16 июня с утра уже стояла невыносимая жара. Так бывает, словно на один день вдруг наступает разгар лета — об этом возвещает палящее солнце. Председатель суда прислал машину, и Хонда, выйдя из дому в семь утра, отправился в Сакураи. В содержавшемся на средства казны храме Оомива, в просторечии Мивамёдзин, поклонялись самой горе Мива. Ее еще называли почтительно «Хозяин». Гора высотой 467 метров и почти 16 километров в окружности у основания, густо заросла деревьями: растущие здесь кипарисовики, криптомерии, сосны не вырубались, и простым смертным всходить на гору не дозволялось. Один из храмов древнего государства Ямато был самым старым в Японии, полагали, что здесь сохранились изначальные формы верований, и ярые приверженцы религии синто [9] считали своим долгом хотя бы раз в жизни совершить сюда паломничество.

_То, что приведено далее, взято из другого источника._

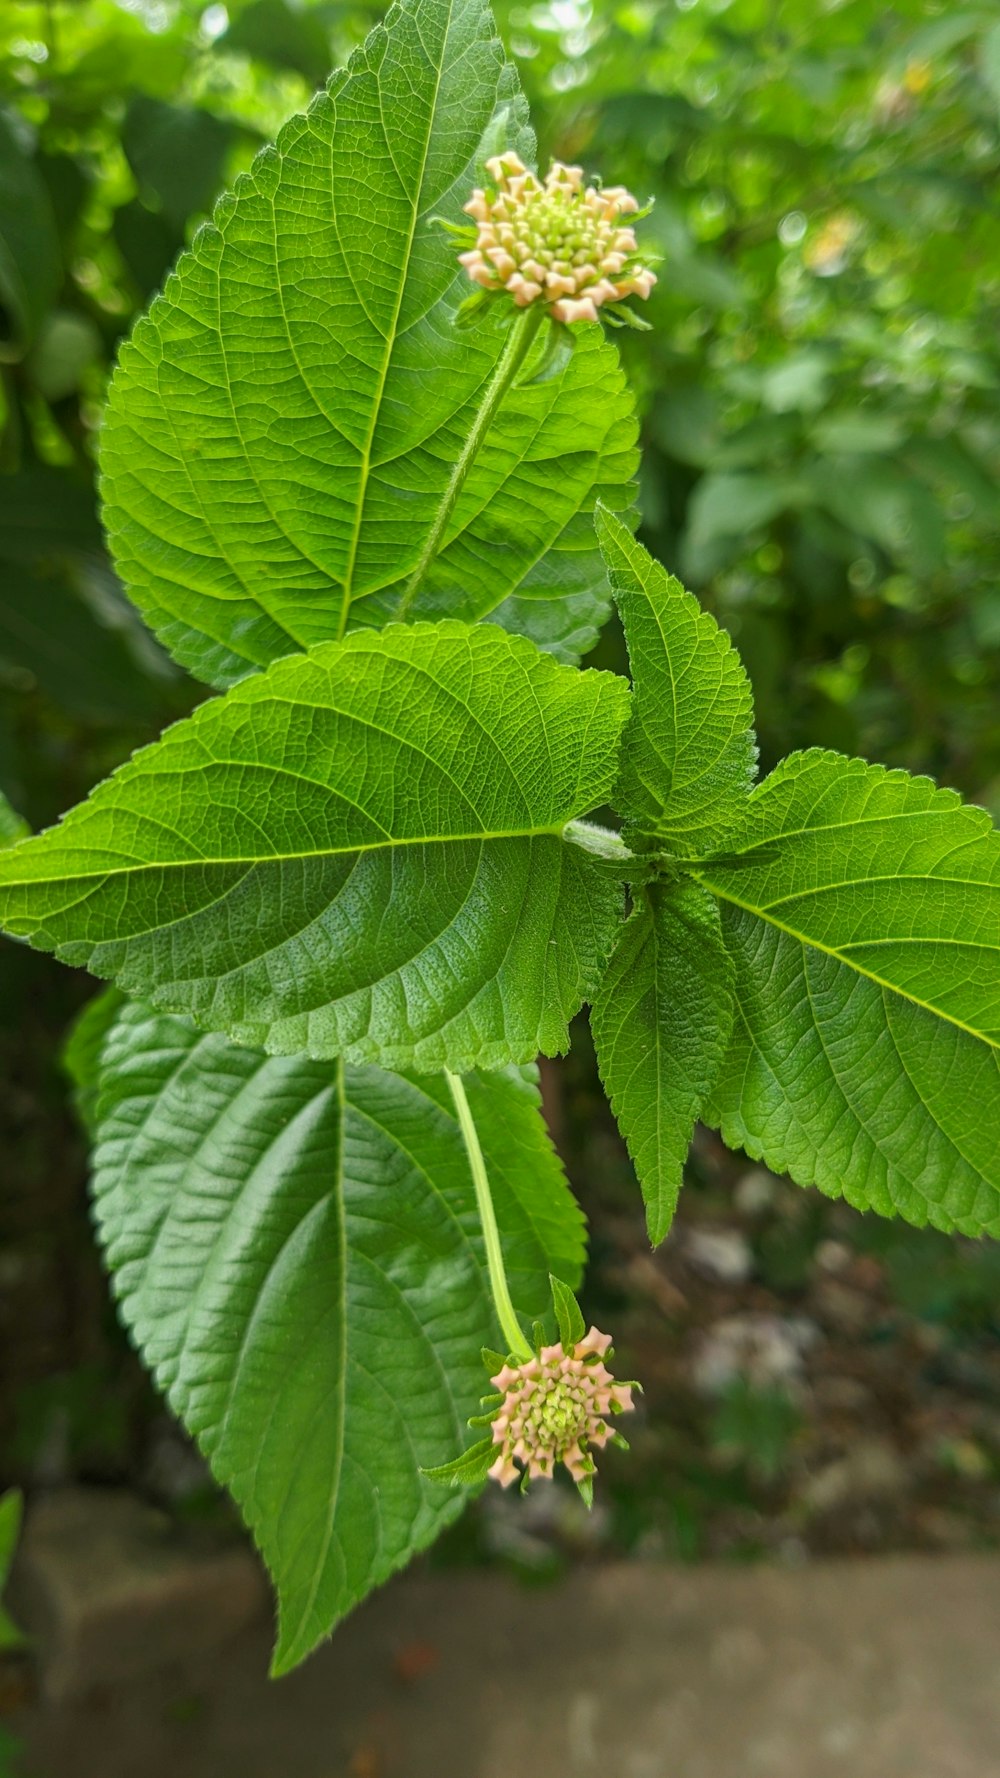 a close up of a green leaf with small flowers

Существовало два объяснения слова «мива»: одно возводило его к просторечному наименованию высокого сосуда грубого обжига, в котором прежде изготовляли сакэ, по второй версии считалось, что это корейское «мион» — забродивший рис. Сосуд для сакэ почитался наравне с богом, так что для его обозначения стали употреблять просто иероглиф, означающий слово «бог». Божество, которому поклонялись в храме Оомива, воплощало дух главного бога древней страны Изумо и издавна считалось покровителем виноделов.

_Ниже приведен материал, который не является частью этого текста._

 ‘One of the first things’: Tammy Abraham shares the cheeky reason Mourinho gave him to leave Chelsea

На территории храма Оомива находился и храм Саи, посвященный духу мятежного громовержца, — его особенно чтили военные, многие приходили сюда помолиться за судьбу военных, а пять лет назад глава местного общества военных предложил проводить здесь турниры кэндо в память тех, кто посвятил себя военной службе. Однако территория самого храма Саи была небольшой, поэтому состязания стали проводить на площади перед главным храмом. Всю эту историю председатель суда и поведал Хонде.